I got riled up the other morning.
This does not happen often. I am typically pretty happy-go-lucky, but Facebook took me over the edge.
It wasn’t a political statement, first-world problems or one of the uglier -isms, no it was pumpkin spice. In a world where we increasingly vilify real food in favor of weird, processed and extracted things like the powders, bars and Big Macs that are slowly killing us, I hit my wall at this autumn’s onslaught of pumpkin spice.
The aforementioned lattes, scones and pancakes are delicious, I’m sure, but they owe their flavor to pumpkin as much as a green Jolly Rancher gains its tart/sweet bite from apple juice. Rather than stew, I stood up and entered the kitchen, pulling a container of freshly roasted Galeux d’Eysines pumpkin out of the fridge. I combined it with oatmeal and baking spices, two tablespoons of maple sugar and a pinch of salt.
And…? Success! Pumpkin spice that tasted like pumpkin. A breakfast with enough fibre to make every dietary organization in America faint with delight. Most importantly, it was hearty and delicious, the perfect start to a crisp fall or brisk winter day. You could even enjoy it with a latte.
Pumpkin Spice Oatmeal
Serves 4
Fresh pumpkin makes his extra special. Roast a peanut pumpkin, Speckled Hound, Long Island Cheese or Hubbard. Or open up a can. Just make sure there’s real pumpkin.
Ingredients:
- 1 cup fresh pumpkin purée
- 1 cup oatmeal
- 3 tbs maple or brown sugar
- 1/2 tsp cinnamon
- 1/8 tsp ginger
- 1/8 tsp nutmeg
- 1/8 tsp ground cloves
- 1/8 tsp ground all spice
- Pinch of salt
- 3 cups water
Directions:
- Mix together all ingredients in a small saucepan.

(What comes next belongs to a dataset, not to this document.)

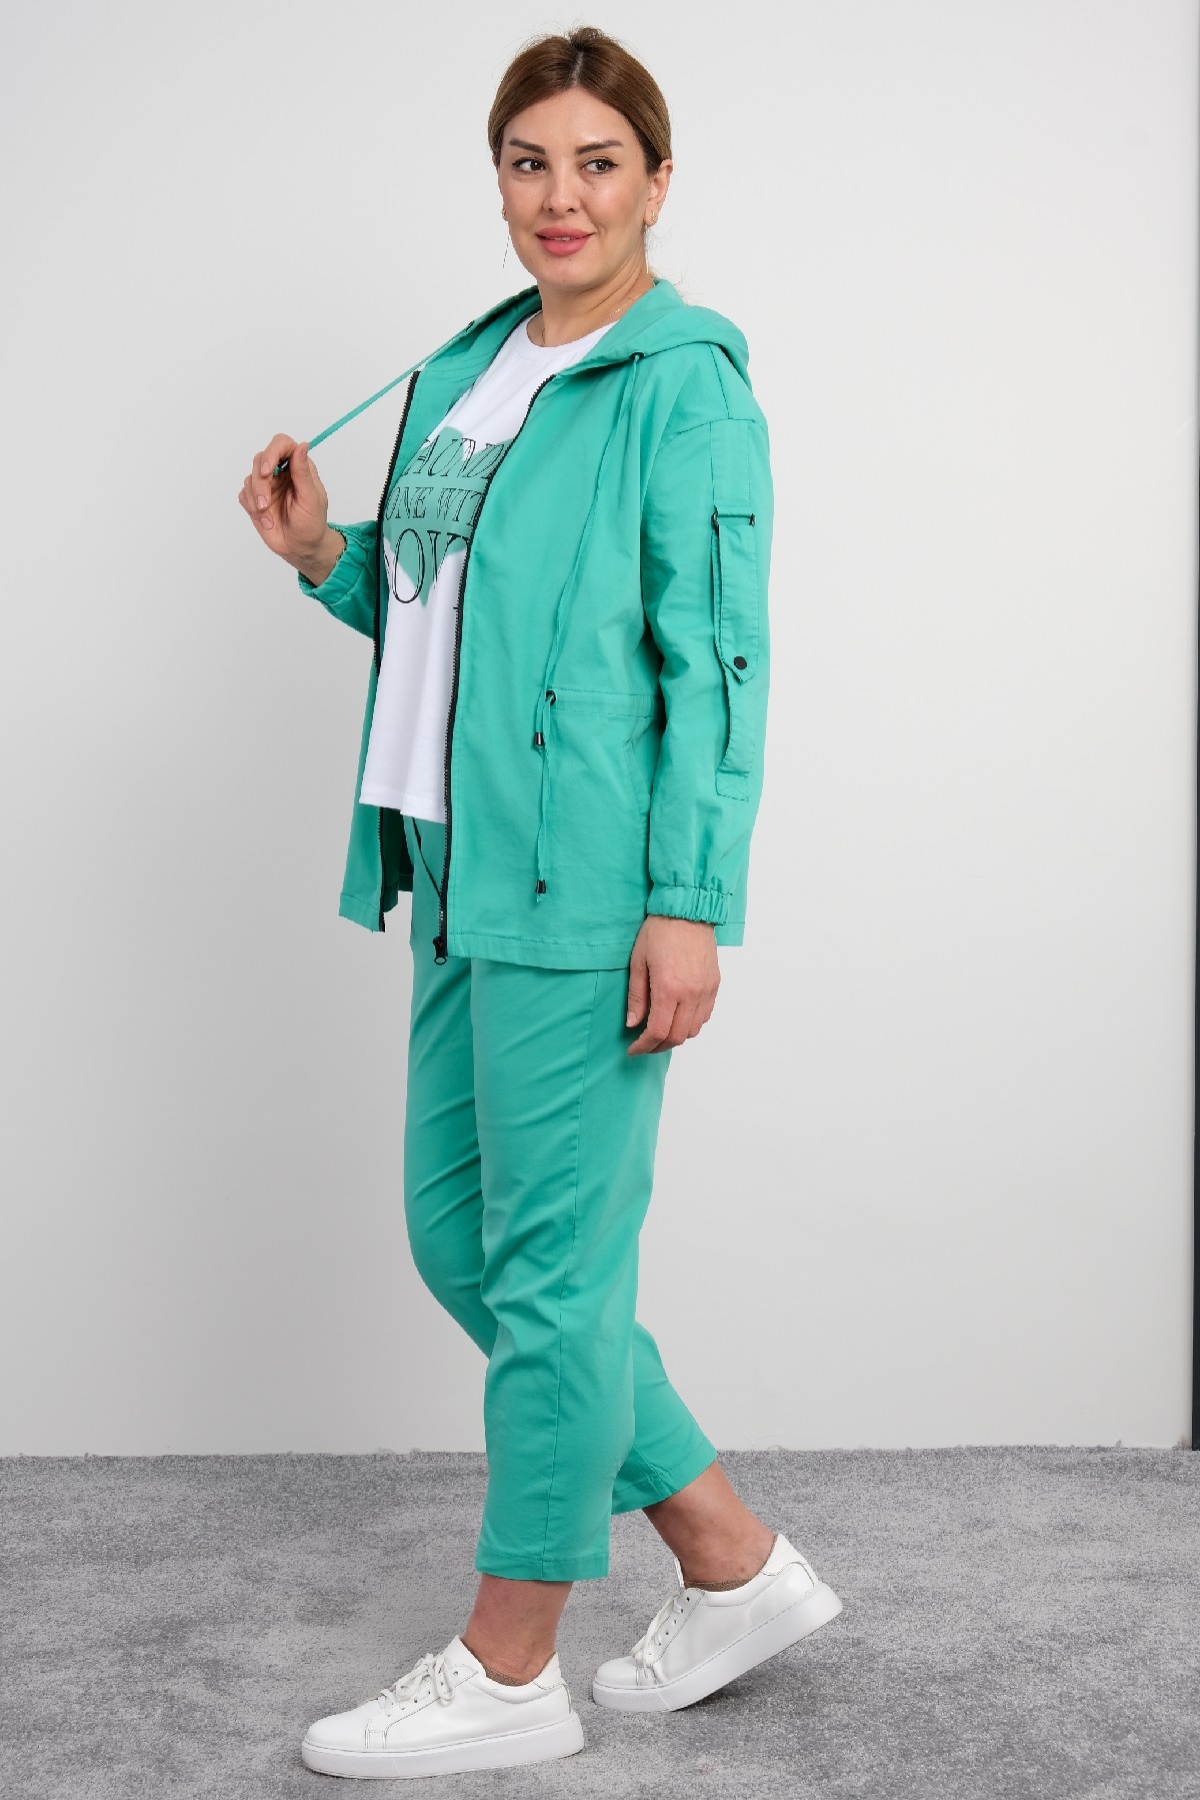 Women's 3 Piece Suits-Turquoise

- Cook over medium heat, stirring as oatmeal thickens.
- Cook to desired thickness, remove from heat and serve.
Delicious! I just roasted a part of a gooseneck pumpkin left over from my CSA and was planning to make a big batch of oatmeal anyway. Nice to have “pumpkin spice” something with real pumpkin in it. Thank you!